A new report by climate scientists says that previous estimates of sea level rises by the United Nations Intergovernmental Panel on Climate Change (IPCC) were much too conservative.

"The new findings highlight that the IPCC is far from being alarmist and in fact in some cases rather underestimates possible risks." said report co-author Stefan Rahmstorf, of the Potsdam Institute for Climate Impact Research, according to the Daily Mail.

"The oceans are rising 60 per cent faster than the IPCC’s latest best estimates, according to the new research." 

Climate experts have updated their predictions saying that sea levels will rise an average of 3.2 millimeters (0.125 inches) per year.

That is up from the 2007 estimate of 2mm (0.078 inches) per year.

The new estimate would mean a sea level rise of about one meter by the end of the century, said Science Daily.

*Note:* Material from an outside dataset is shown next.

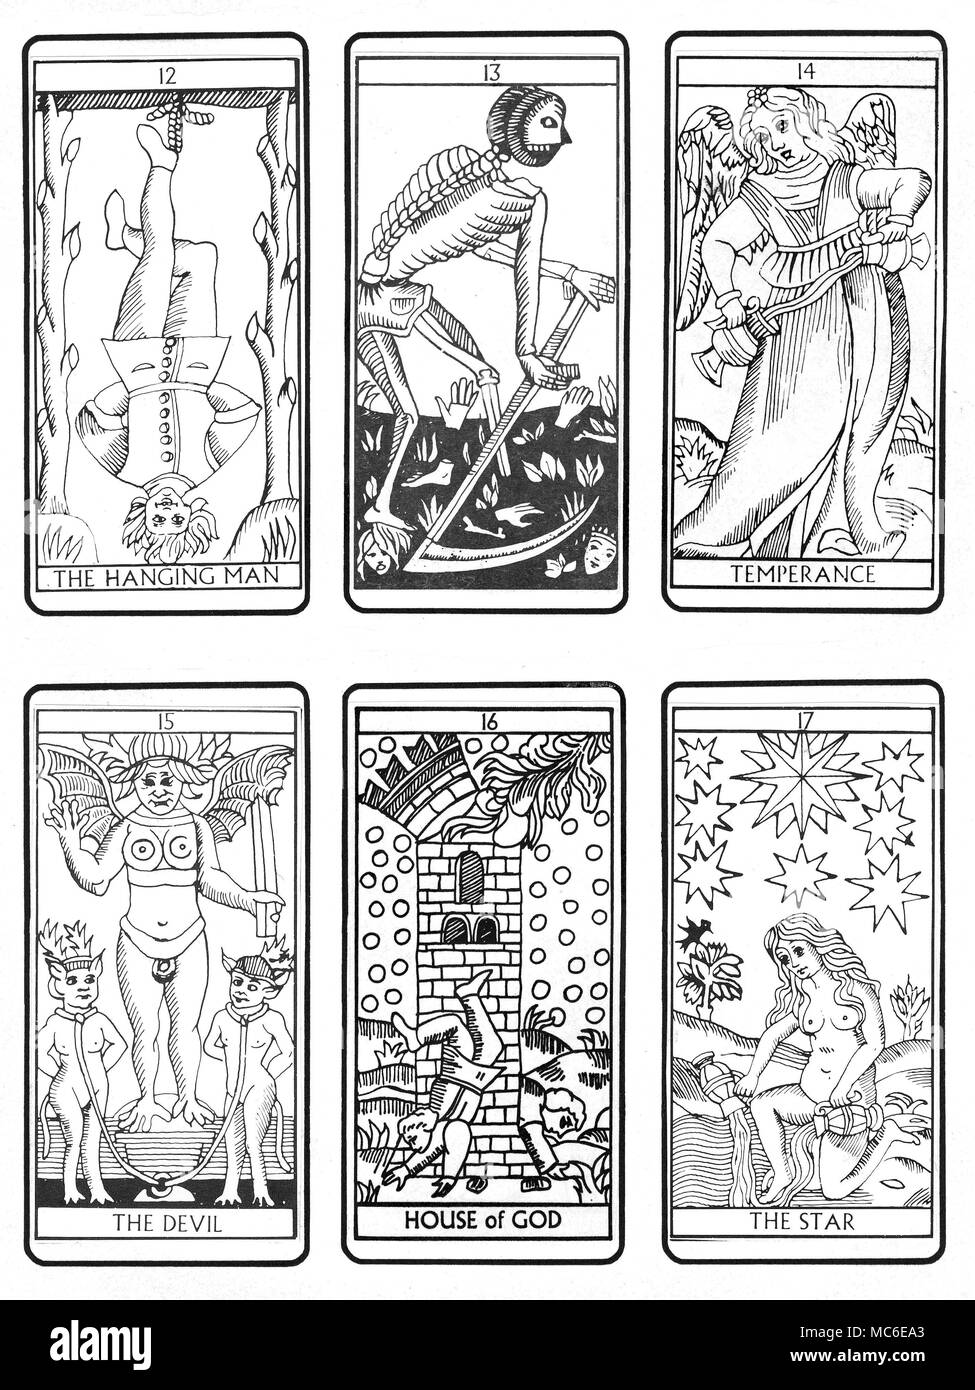 Tarocchi - Mazzo di Marsiglia la terza sei della sequenza di 22 carte dei Tarocchi (secondo il tradizionale design di Marsiglia), dalla dodicesima card (l'uomo appeso), attraverso la scheda di morte temperanza, il Diavolo, la casa di Dio e la stella. I restanti sequenze sono disponibili, in lotti di 6. Foto Stock

Study co-author Grant Foster of Tempo Analytics said that the new estimate was likely far more accurate and much worse for those living near coastlines.

"I would say that a meter of sea level rise by the end of the century is probably close to what you would find if you polled the people who know best," Foster told AFP.

"In low-lying areas where you have massive numbers of people living within a meter of sea level, like Bangladesh, it means that the land that sustains their lives disappears, and you have hundreds of millions of climate refugees."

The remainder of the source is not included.